El Cantinflas de Millonarios

9 de junio del 2011

Lamento confesarle a todas las almas azules que vagan en pena hoy por Bogotá, que Millonarios no quedó eliminado en el minuto 79 del partido de ayer cuando Cichero y el resto de la defensa embajadora decidió, en medio de una semifinal, echarse una siestecita y permitir a tres jugadores de La Equidad fabricar la jugada que terminó en un gol de colegio marcado por un caucano de nombre Wilberto. El equipo de la capital quedó eliminado desde el mismo fatídico momento en el que el venezolano, llegado hace poco a nuestras tierras, afirmó que “Millonarios (era) el Barcelona de Colombia”.

Para empezar, debo reconocer que Millonarios ya me caía mal desde antes que uno de sus jugadores osara compararse con el mejor equipo del mundo. Primero, porque en un país como el nuestro, con tantas desigualdades y una riqueza tan mal distribuida, tener ese nombre parece una mala broma y es tan socialmente paradójico como si el campeón de la liga de fútbol somalí se llamara ‘Big Mac FC’, o ‘Real Rodizio’. Segundo, porque hoy ‘Millos’ no es más que historia, y sus hinchas no reconocen que cambiarían los trece títulos anteriores por una estrella hoy. La historia solo hace felices a los curadores de los museos. De las glorias pasadas solo viven las glorias pasadas, y aquellos que no encuentran felicidad en el presente. Y hoy tiene más presente el Chicó, que fue campeón en 2008 o Equidad, que ganó la deslucida Copa Colombia y está a punto de colgar la primera estrella a su escudo.

‘Millos’ me cae mal porque hizo de su archienemigo a Nacional, equipo al que culpan de quitarles la Copa Libertadores de 1989 con ayuda de los narcotraficantes. Menos mal ‘El Mexicano’ era tan solo un sufrido empresario de Pacho que no le metió mano a cuanto partido de fútbol pudo. Siempre es más fácil ver la paja en el ojo ajeno.

Sus hinchas son malos perdedores y sufren delirio de persecución. ‘Millos’ siempre es derrotado, a su juicio, porque el árbitro pitó en su contra, porque fuerzas oscuras quieren evitar el tan esperado resurgir del ballet azul, o porque Estados Unidos lo puso como condición para firmar el TLC con Colombia. Deberían empezar a reconocer que, por ejemplo, poder cobrar un penalty pitado a su favor a causa de una “imprudencia”, es un beneficio que pocos equipos han tenido en este país. El fútbol es un juego, y los árbitros casi siempre se equivocan, pero no siempre en contra de nuestro equipo.

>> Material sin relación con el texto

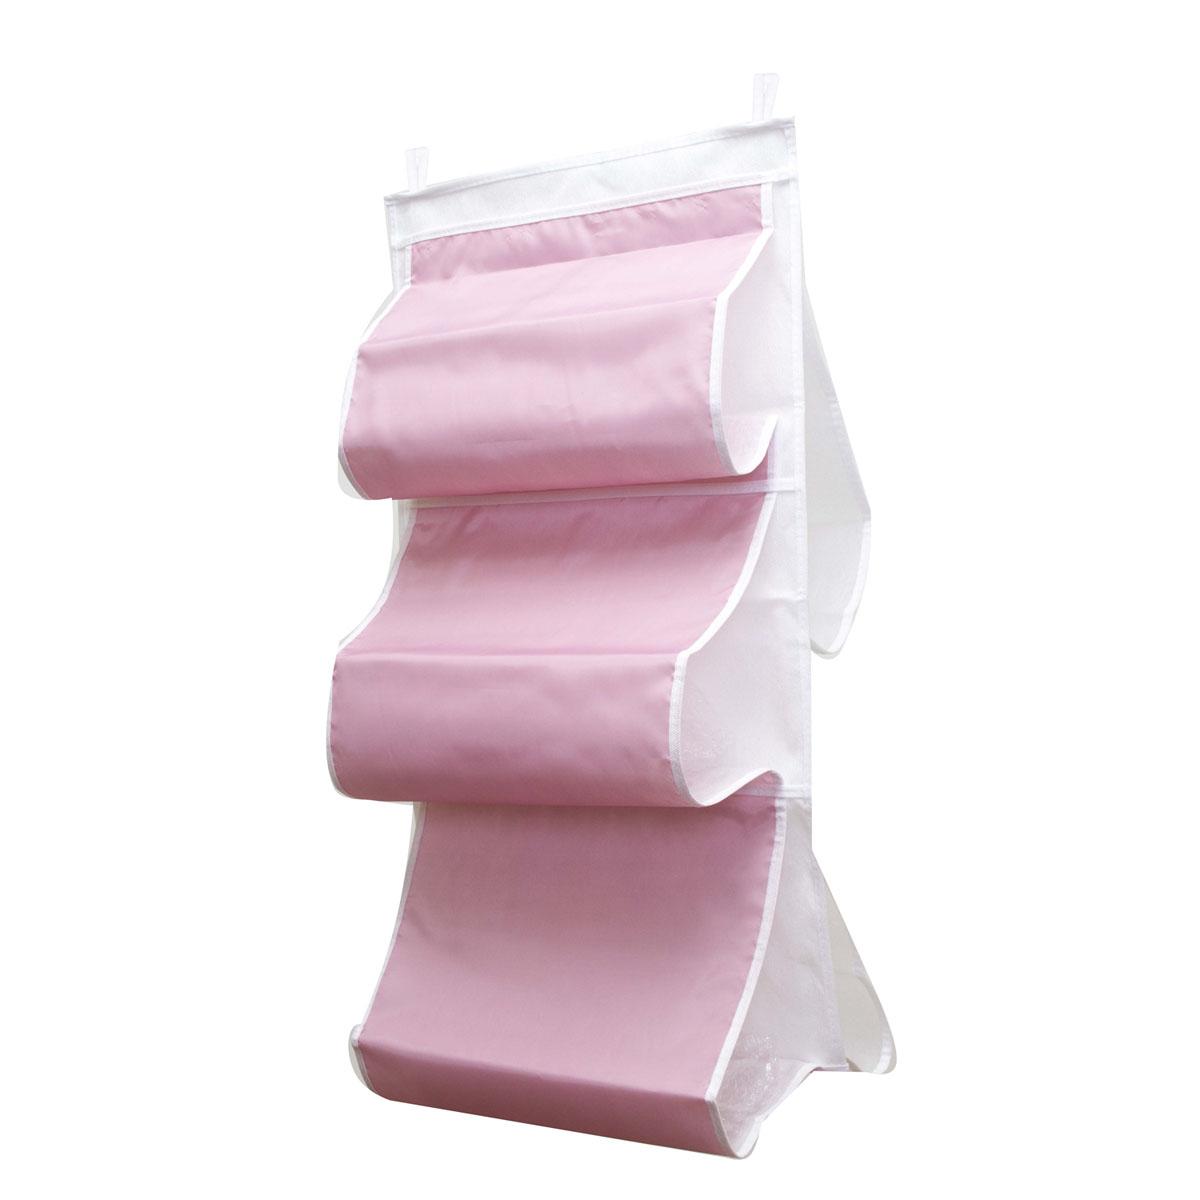 Органайзер для сумок Homsu Capri, 5 отделений, 40 х 70 см12723Органайзер для хранения сумок Homsu Capri изготовлен из полиэстера. Изделие имеет 5 отделений, его можно повесить в удобное место за крючки. Такой компактный и удобный в каждодневном использовании аксессуар, как этот органайзер, размещающийся в пространстве шкафа, на плоскости стены или дверей.Практичный и удобный органайзер для хранения сумок.Размер чехла: 40 х 70 см.

Me cae mal Millonarios porque Samuelito es su hincha declarado, y porque la solución a los problemas de la capital no es Clara. Porque su escudo se identifica ineludiblemente con una de las más funestas apariciones  del fútbol colombiano reciente, el Cheque García, y porque en sus filas militaron jugadorcillos como John Mario Ramírez, que siempre quiso ser el centro de todas las miradas, cuando nunca fue más que un mediocampista promedio en este pobre torneo colombiano.

Pero señores, he decidido que el equipo que cayó eliminado ayer en Techo me cae mal, pero muy mal, sobre todo, por permitir a Cichero ser titular luego de semejantes declaraciones ‘cantinflezcas’ en las que osaba, quien sabe bajo el efecto de qué droga alucinógena, compararse con el Barcelona, comentrario sobre el que, de verdad, creo que no vale la pena emitir ni un solo juicio de valor, porque caería en la torpe defensa de lo evidente.

Pero en beneficio de los de sangre azul y antes que nada, debo decir que deben estar orgullosos de casi todos sus jugadores, sobre todo de aquellos que con sus declaraciones no los convierten en víctimas perfectas de las burlas de sus compañeros de trabajo. Su equipo llegó mucho más lejos de lo que se esperaba, no solo por sus falencias técnicas, especialmente en defensa, donde coincidencialmente manda Cichero, sino por el pasado financieramente turbulento de una empresa que fue desordenada y corrupta. Deben mejorar muchas cosas si quieren ser campeones, pero principalmente, deben entender que, como supongo decía mi abuela, la lengua es el peor azote de aquello que Shakira le menea todas las noches a Piqué, y no a Cichero, que creo que no clasifica ni a Marbelle.

Aunque ahora que lo pienso, creo que el central venezolano se refería, al hacer su ya célebre símil, al Barcelona de Guayaquil, que marcha noveno en un torneo con doce equipos, y que este año solo ha ganado la cuarta parte de los partidos que ha disputado. Si eso es así, pido excusas públicas y de manera anticipada a todos los hinchas colombianos, venezolanos, ecuatorianos y catalanes, que se hayan podido molestar por mis comentarios desobligantes, y desde cualquier punto de vista exagerados.